Гроза, воспользовавшись свалкой и прошмыгнув между лап высокорослых собак, кинулась к норе. Ей осталось совсем немного, когда ночные собаки, разобравшись между собой, бросились в погоню. Перед самой норой Грозу сбили с ног, и она завизжала от дикой боли, пронзившей все ее тело, когда мощные клыки рвали шкуру ее, мышцы… Но и истекая кровью, Гроза продолжала ползти к норе и даже смогла вползти в нее.

Ночные собаки бесновались у входа, тщетно стараясь подкопать, расширить нору, грызли испятнанный кровью Грозы снег. Гроза же в это время лежала в норе недвижимо, и вместе с кровью, сочащейся из глубоких ран, из нее уходила жизнь. Она этому и не сопротивлялась. Дедушка бросил ее. Бабушке она не нужна.
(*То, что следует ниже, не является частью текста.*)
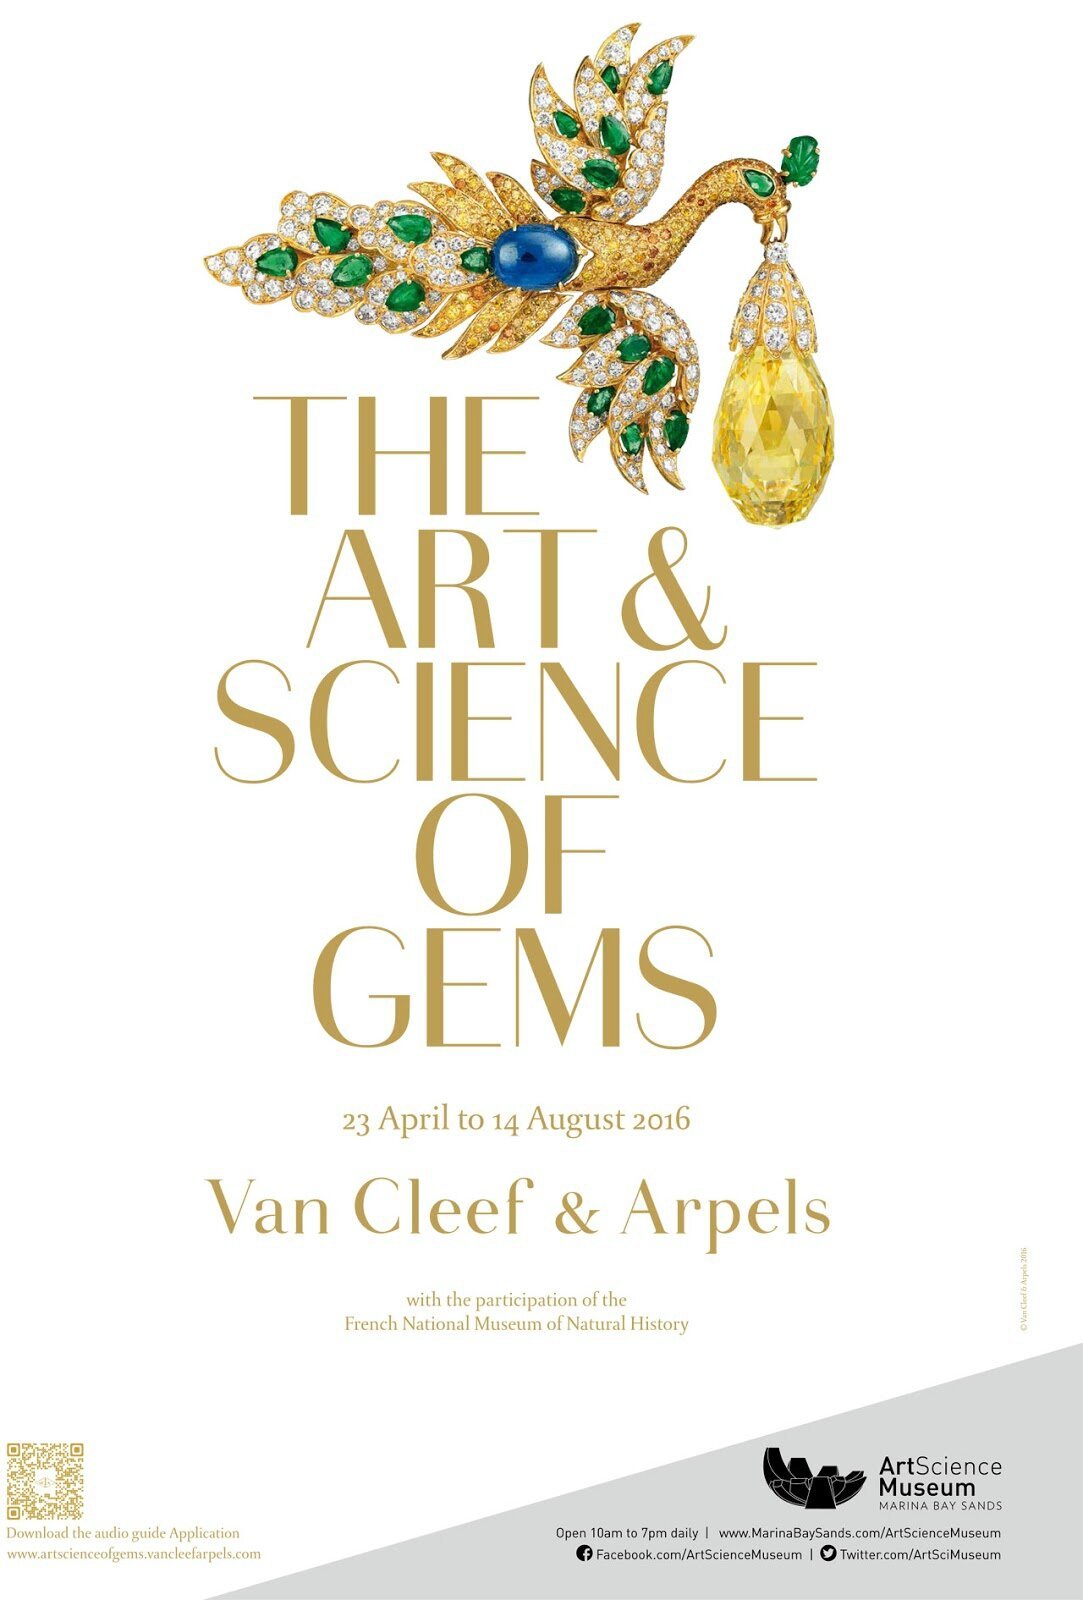 Token of Love - The Heritage Gallery - Van Cleef & Arpels

Толику тоже…

Если бы кто-то из хозяев окликнул ее, приласкал… Встрепенулась бы она, стала зализывать раны, останавливать кровь, а так — зачем ей жить… Ни к чему…

ОБЫКНОВЕННАЯ ИСТОРИЯ ОБЫКНОВЕННОЙ КОШКИ

Однажды утром хозяин позвал:

Кис-кис-кис!

Кошка поднялась на диване. Потянулась. Зевнула. Бесшумно спрыгнула на пол и поспешила на зов. Подошла, потерлась о ногу хозяина, сладко зажмурилась и тихонько замурлыкала. Хозяин взял ее на руки, осторожно, чтобы не причинить боли и не испугать, опустил кошку в старый мешок, завязал его, вынес из дома и положил в кузов поджидающего грузовика. Машина взревела мотором и покатила вон из города, гремя железом и подпрыгивая на выбоинах.

А хозяин стал собираться на службу. Намылил щеки, шею, подбородок. Глянул в зеркало и твердой рукой повел бритвой по надутой щеке. Острое лезвие с мягким треском срезало щетину, и мыльные пузырьки с еле слышным шорохом лопались. Побрившись, он сполоснул лицо холодной водой из-под крана, промакнул полотенцем досуха, брызнул одеколоном и поморщился от легкой боли. Плотно позавтракал. Вышел из дома и не спеша зашагал знакомым маршрутом, как ходил каждый день уже много лет…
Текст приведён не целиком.